Moreover, ISAs are grossly put into two categories, CISC and RISC,
the Complex Instruction Set Computer and Reduced Instruction Set Computer.
RISC, are computers with a small, highly optimized set of instructions,
with numerous registers, and highly regular instruction
pipeline. Usually, RISCs are load-store architectures with fixed size
instruction encoding to keep the clock cycle per instruction (CPI)
constant.
CISC, are computers with a very large set of instructions, instructions
which can execute several lower-level operations, can have side effects,
can access memory through a single instruction that encompasses multiple
ones, etc. It englobes anything that isn’t RISC or that isn’t a load-store
architecture.
It has to be said, that different manufacturers can implement one ISA differently than others. Which means, that their implementation can consume the same instruction encoding but that the actual hardware is different. ISAs are like the concept of interfaces in OOP.
Memory Hierarchy and Tech
Many authors have written a great deal about memory hierarchy, basically
it’s all about creating layers of indirection, adding caches to speed
things up at each layer, wanting to keep what we’re going to use close
temporally and physically, while having in consideration how the layers
are going to be used.
For example, the associativity of an L2 instruction cache might not be
as effective when applied to an L2 data cache. When in doubt, refer to
the benchmark measurements.
There are four big questions that we should ask at each layer:
- Where can a block be placed
- How is a block found if it is there
- Which block should be replaced on a miss
- What happens on a write
With these, there’s also an interplay with both the lower and upper
layers. For instance, issues like the size and format of cached lines
when they have to be moved up or down between the caching layers.
Additionally, synchronization and coherence mechanisms between multiple
caches might be important.
When it comes to data storage, the hardware speed, its ability to retain information, its power consumption, its size, and other criteria, are what matters. Let’s review some common technologies in use today.

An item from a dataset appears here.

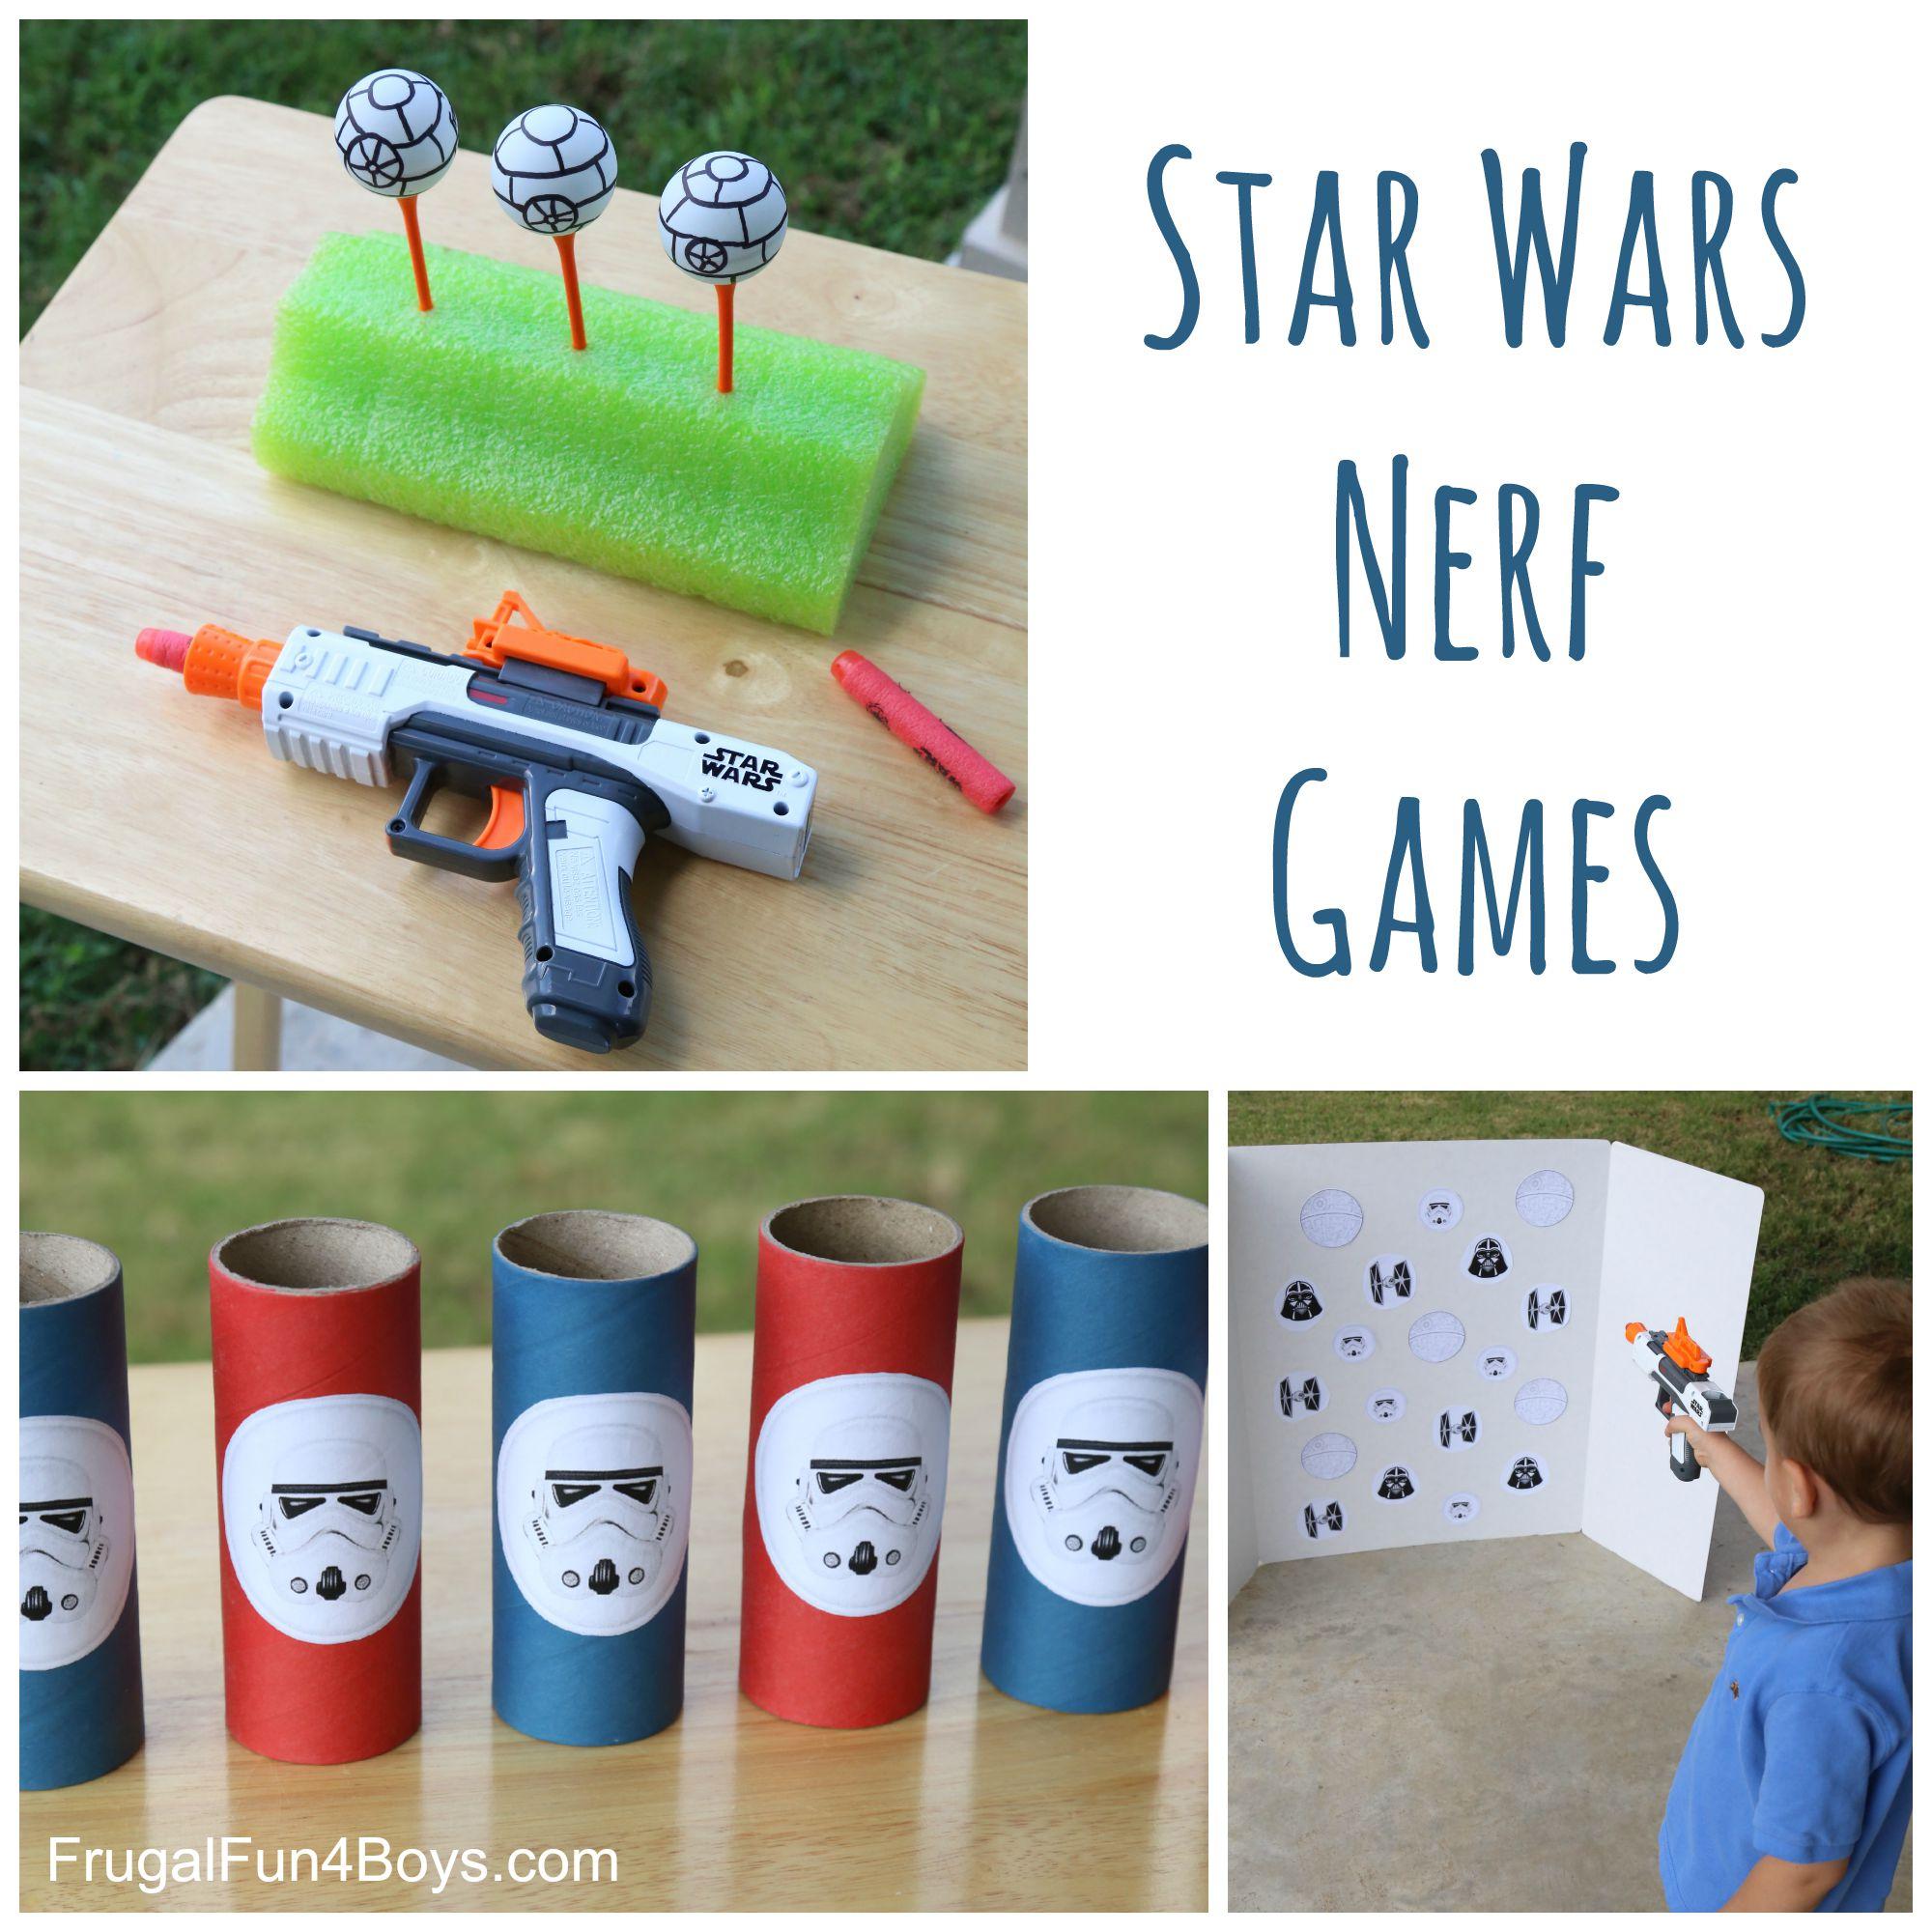 Star Wars Nerf Games

Static RAM, or SRAM, has low latency and requires low power to retain
bits, however for every bit at least 6 transistors are required. It’s
normally used in processor cache and has a small storage capacity.
Dynamic RAM, or DRAM, is slower but requires only one transistor
per bit. However, it has to both be periodically refreshed (every ~8ms)
and must be re-written after being read. DRAM is usually split into rows
and columns, where the upper half of the address is found in the row and
the lower in the column, we talk of row access strobe (RAS) and column
access strobe (CAS). It is normally used as the main memory.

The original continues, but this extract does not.